Kritik zu Dumpu Dinki (Figurentheater Anne-Kathrin Klatt) von Annemari Parmakson

Hands of Anne-Kathrin Klatt (Foto: Figurentheater Anne-Kathrin Klatt)

It is interesting when a performance starts with something that does not give away too much about what is going to happen. “Dumpu Dinki” does just that: it begins with the subtle sounds of the karimba from behind the backs of the audience – it is as if a gentle tap on the shoulder to request attention. The visual aesthetic of the production is also a bit surprising. An asymmetrical box serves as the main stage, painted in the style of abstract expressionism and thus looking like something made by hands having their own free will.

It appears that Emil Kuyumcuyan, the one making the karimba sounds, and all the live music and sound effects in general, is quite an amusing contrast with what is about to follow. He wears a black t-shirt and a serious expression, being focused on the assortment of percussion instruments in front of him, in order to, for example, produce the sound that flowers make when they grow.

The main characters of the show however are not the hands holding the drum sticks, but the ones (played by Anne-Kathrin Klatt) reaching out from the box, sitting on the edge of it. One must not confuse these, called Dumpu and Dinki, with the regular Left and Right. The ones of the play have a long way to go to an effortlessly cooperating relationship. Making such “hand theatre” for young children is fitting because body parts tend to be fascinating for them in general.

The story is a classic one: meeting of two strangers, confronting each other, having trouble adjusting and finding common ground, and at the end – finding a harmonious existence. The simplicity of the story is mostly made up for by the inventiveness of the hand movements and little ways of portraying the opposite personalities of the characters. Dinki is the cheerful and playful one, Dumpu is grumpy and more standoffish. It appears that hands, which are normally conducting puppets, are no less interesting without the costumes. The specificity of the hand as a puppet is that common hand signs (such as “stop”) can be used, appearing as incorporating the puppet’s whole body. This creates a dynamic effect and some humour as well.
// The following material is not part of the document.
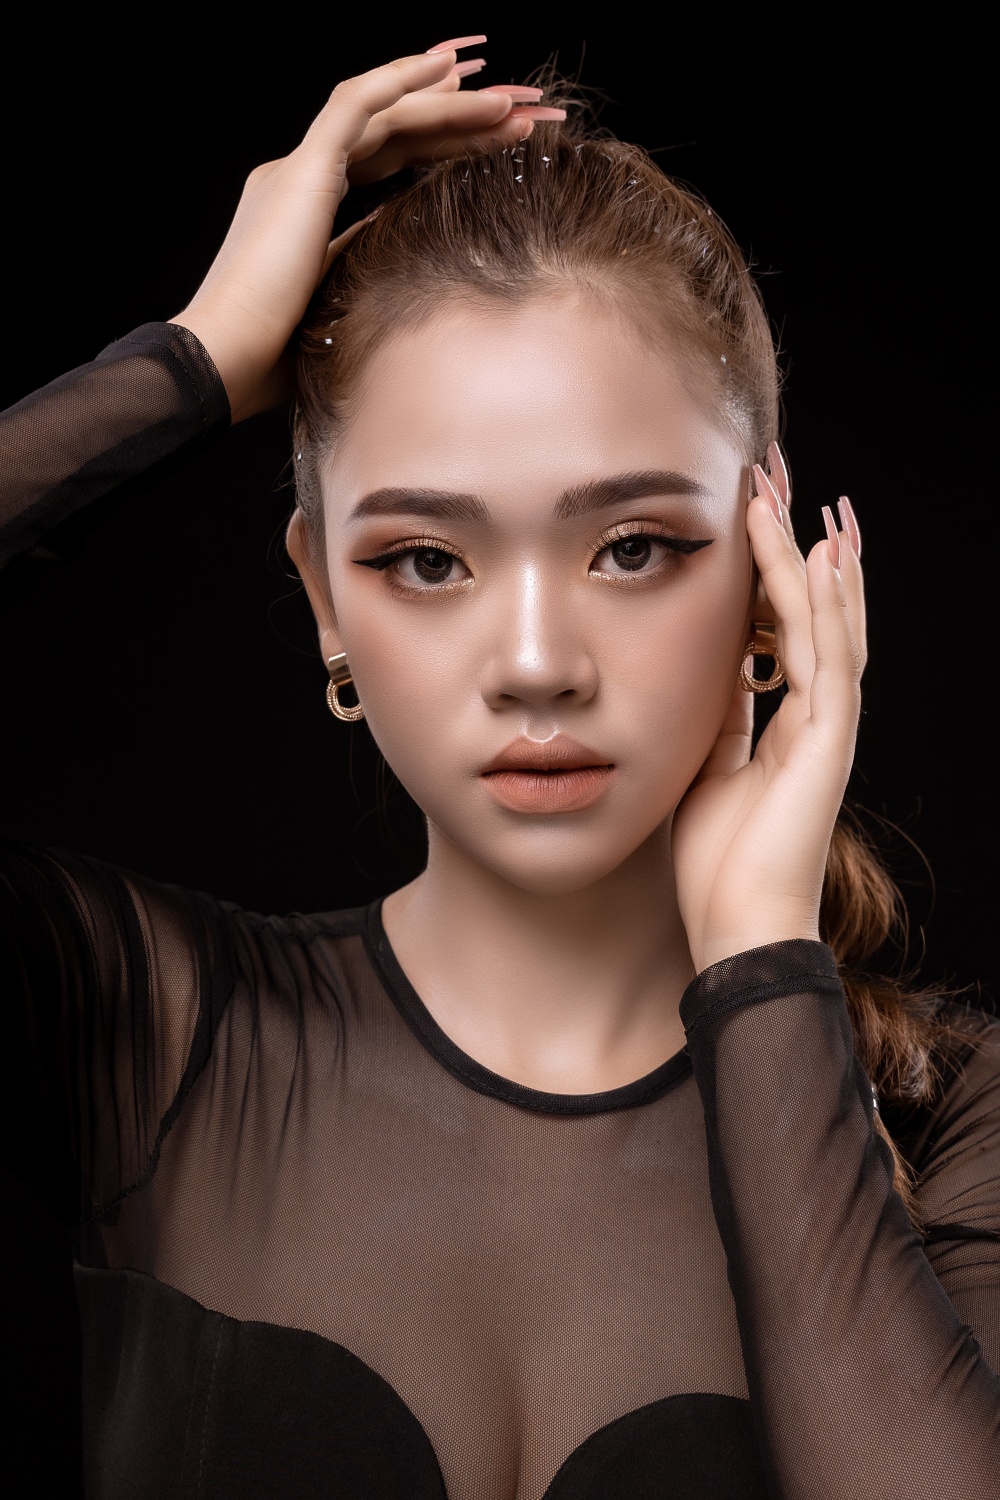 Nữ sinh 19 tuổi Dược Thanh đang dẫn đầu bình chọn "Hoa hậu Hoàn vũ Việt Nam" 2021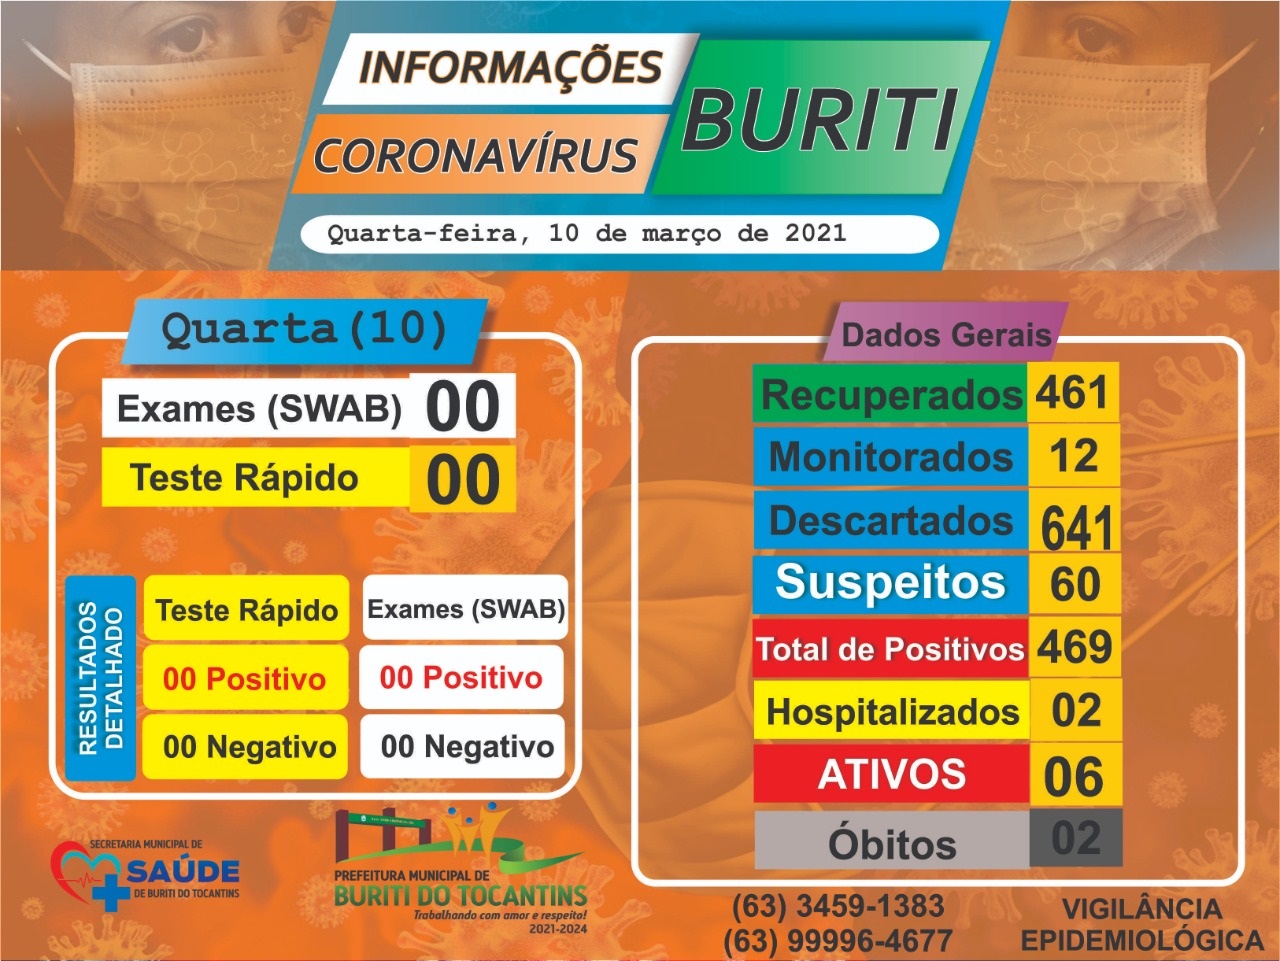 SAÚDE: Boletim e Informações COVID-19 da cidade de Buriti do Tocantins do dia 10 de março de 2021.

What these skills could not compensate for however, were the gender stereotypes. For some reason, the story just has to take the course of a love story, in which the one with the traditionally masculine qualities gives a pink flower to the utterly feminine one, who giggles over it, they kiss – happy end. This is preceded by Dinki laying an egg, crying over Dumpu turning his back on him (although he was originally the one being mean towards her) and Dinki frantically cackling like a hen as a means to defeat the other in a game of mutual bickering. This last one especially struck as a baffling artistic choice, considering that the comparison between the sound of hens and behaviour of women is a well-known harmful stereotype. Such aspects, which gave the characters clear genders in line with stereotypes, were not actually necessary to tell this story of friendship. They made the simple story even more tediously predictable. Alternatively, these actions of the characters could have been mixed up between them in a different way. It would be much more refreshing, if for once, it would be the tough one who gets excited about a flower.